Mason v. Help Services Group, Inc. (In Re Mason)

303 B.R. 459, 2004 Bankr. LEXIS 18, 2004 WL 51613
CourtDistrict Court, D. Idaho
DecidedJanuary 7, 2004
DocketBankruptcy No. 03-00147. Adversary No. 03-6122
StatusPublished
Cited by8 cases

This text of 303 B.R. 459 (Mason v. Help Services Group, Inc. (In Re Mason)) is published on Counsel Stack Legal Research, covering District Court, D. Idaho primary law. Counsel Stack provides free access to over 12 million legal documents including statutes, case law, regulations, and constitutions.

Bluebook
Mason v. Help Services Group, Inc. (In Re Mason), 303 B.R. 459, 2004 Bankr. LEXIS 18, 2004 WL 51613 (D. Idaho 2004).

Opinion

MEMORANDUM OF DECISION

JIM D. PAPPAS, Chief Judge.

Chapter 7 Debtor Keith Mason (“Plaintiff’) seeks to discharge debts he incurred to finance his education under the “undue hardship” exception in 11 U.S.C. § 523(a)(8). The facts establish a close case. However, after careful consideration, the Court concludes that only a portion of Plaintiffs student loan debt should be discharged.

Procedural History

On January 16, 2003, Plaintiff filed for Chapter 7 bankruptcy relief. Ex. 16. Plaintiff commenced this adversary proceeding on April 29, 2003, attempting to discharge several debts owed to different lenders, all incurred by Plaintiff to finance his undergraduate and law school education. Educational Credit Management Corp. (“Defendant”) is the successor-in-interest to several of the lenders Plaintiff named in his complaint. Docket No. 17. Plaintiffs claims against the other named lender-defendants were either dismissed, resolved by default, or settled prior to trial. See Docket Nos. 9, 13, 20, 29, 46. Thus, Defendant was the only lender appearing at trial.
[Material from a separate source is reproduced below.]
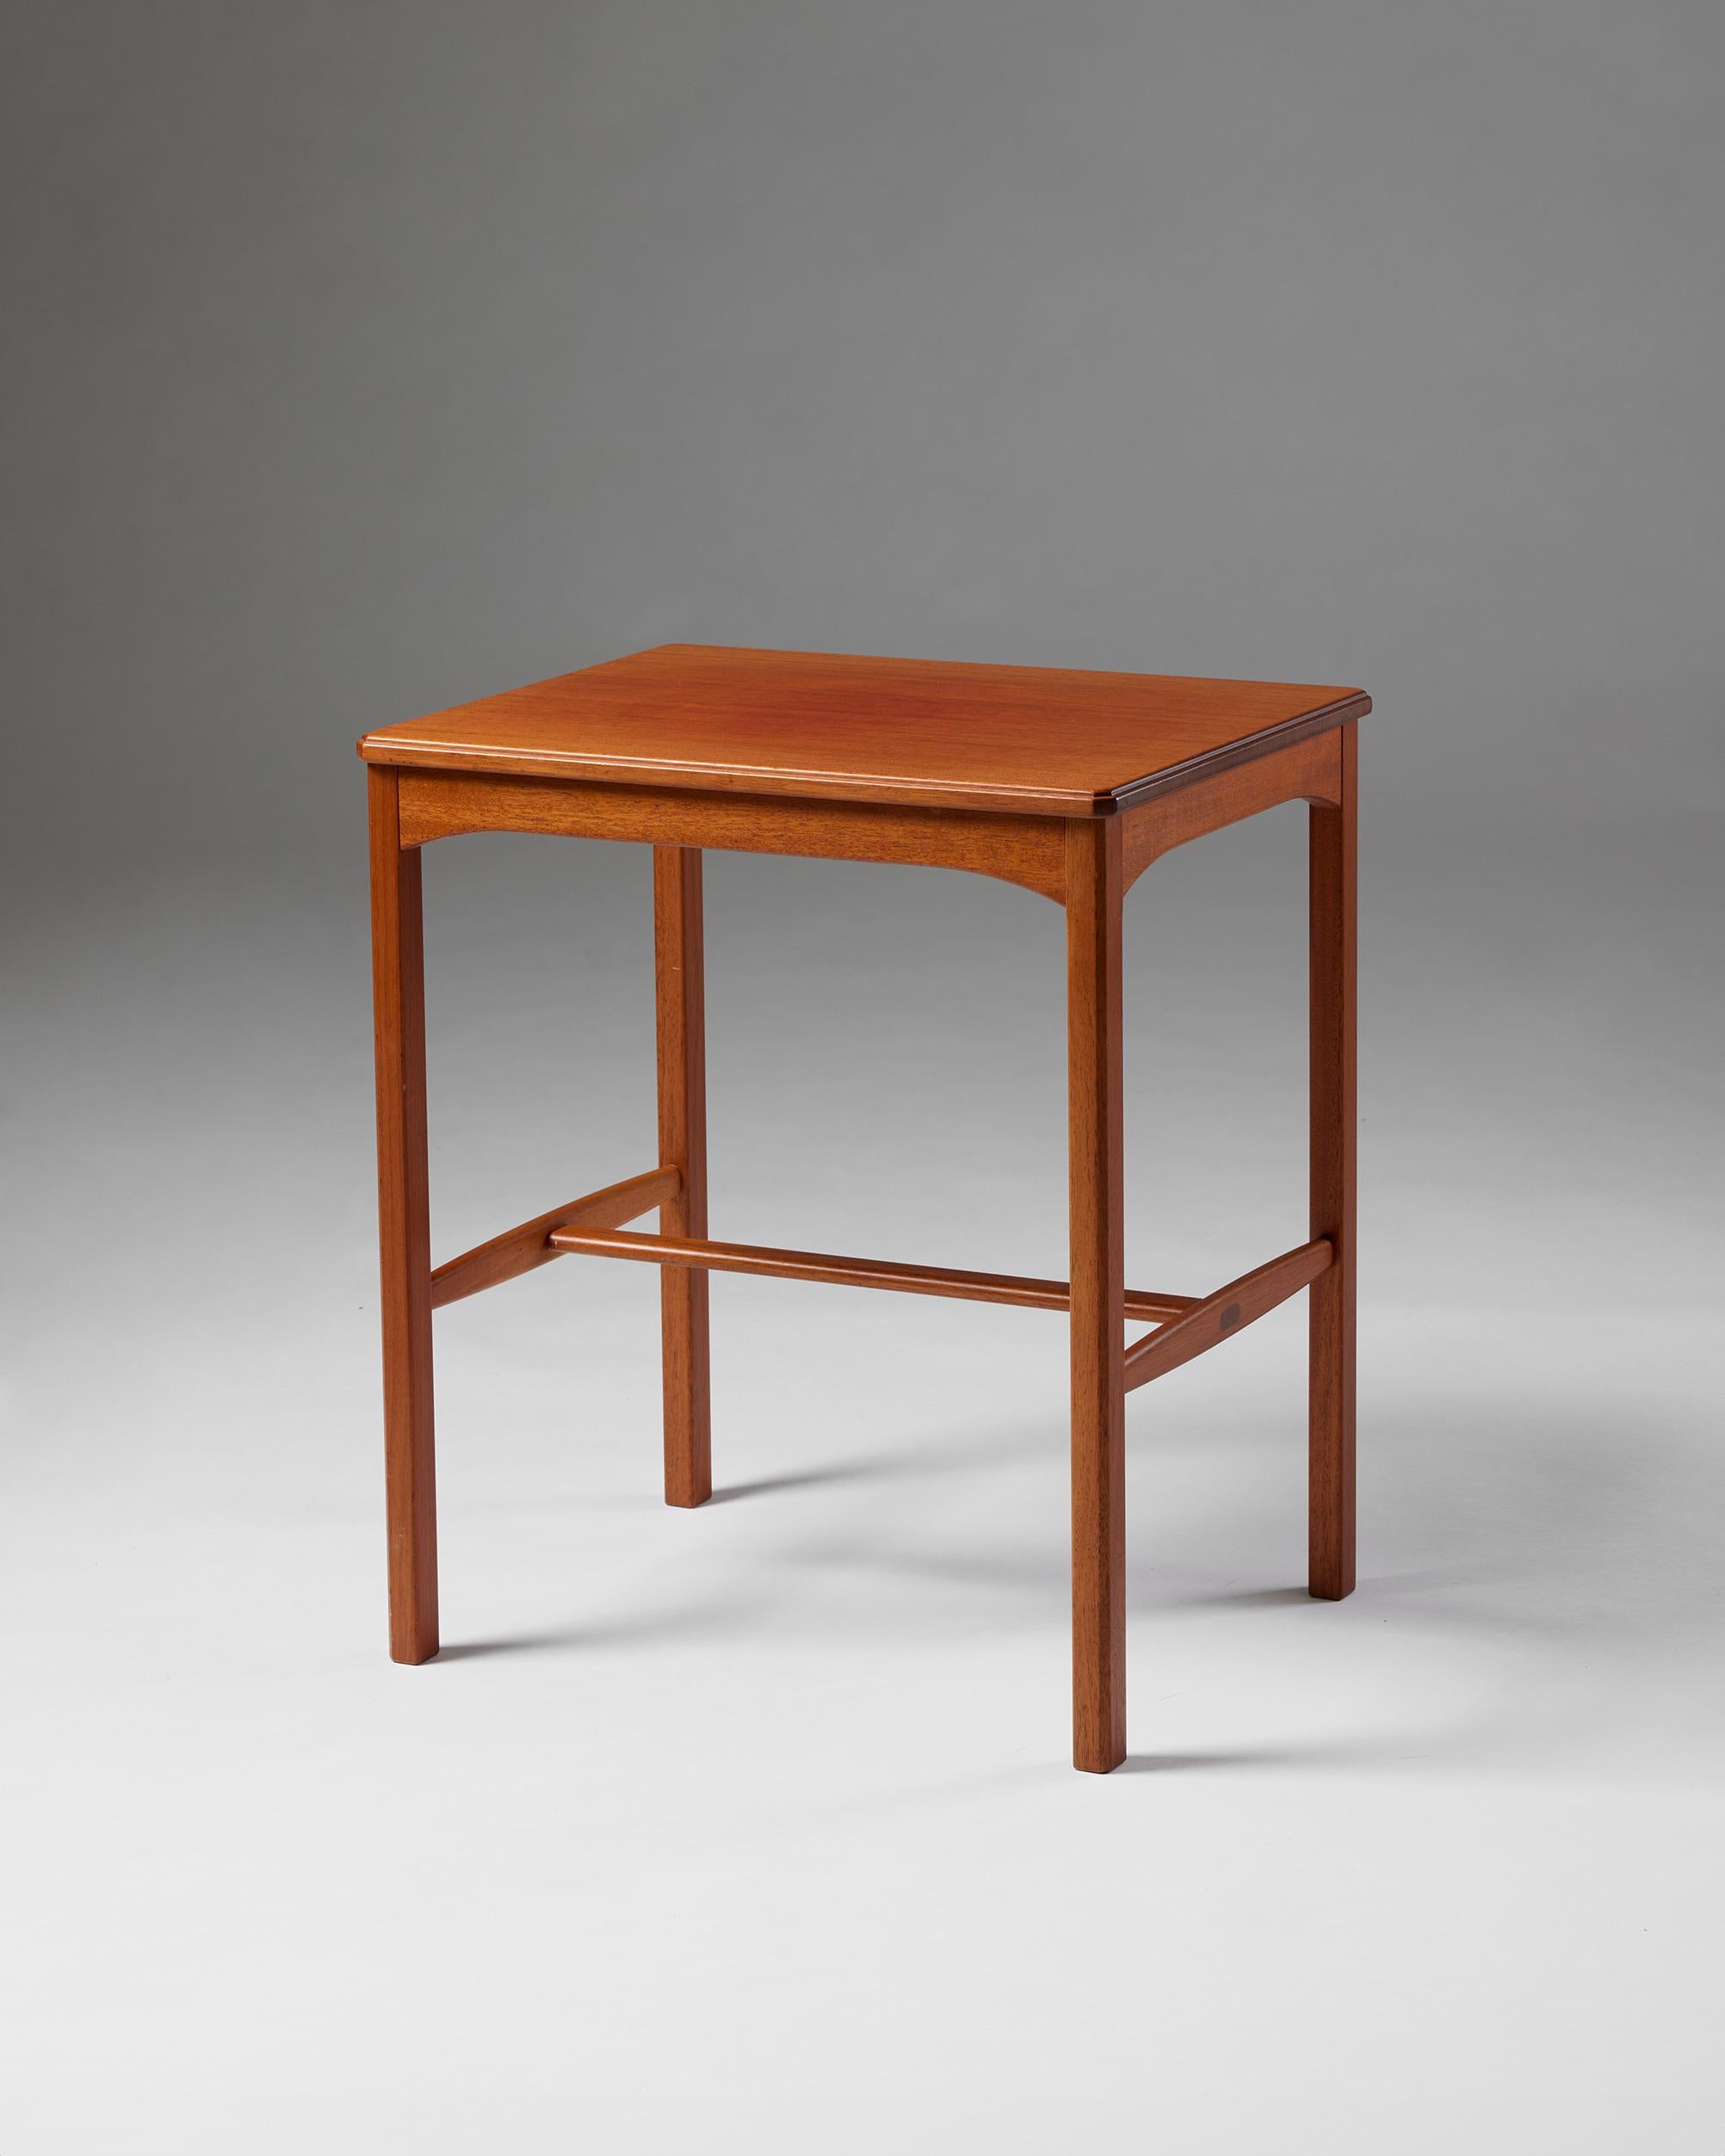 Side table ‘October’ designed by Carl Malmsten,
Sweden, 1930s.
Walnut.

Stamped.

The trial was conducted on December 12, 2003, at which both parties offered the testimony of witnesses, submitted documentary evidence, and advanced oral arguments for their respective positions. After due review of the relevant law, the arguments of the parties, and the record in this case, the Court intends the following to constitute its findings of fact and conclusions of law. Fed. R. Bankr.P. 7052.

Facts 1

Plaintiff is a thirty-three year old single man with no dependents. He currently *462 lives in Boise, Idaho, and works as an independent contractor installing siding on houses. Plaintiff is in good health and is physically able to work. He is also well-educated, holding a bachelor’s degree in philosophy from Boise State University and a law degree from Gonzaga University. Plaintiffs educational history demonstrates his ability to succeed in the face of adversity. However, borrowing to pay for his education has created serious financial consequences for Plaintiff.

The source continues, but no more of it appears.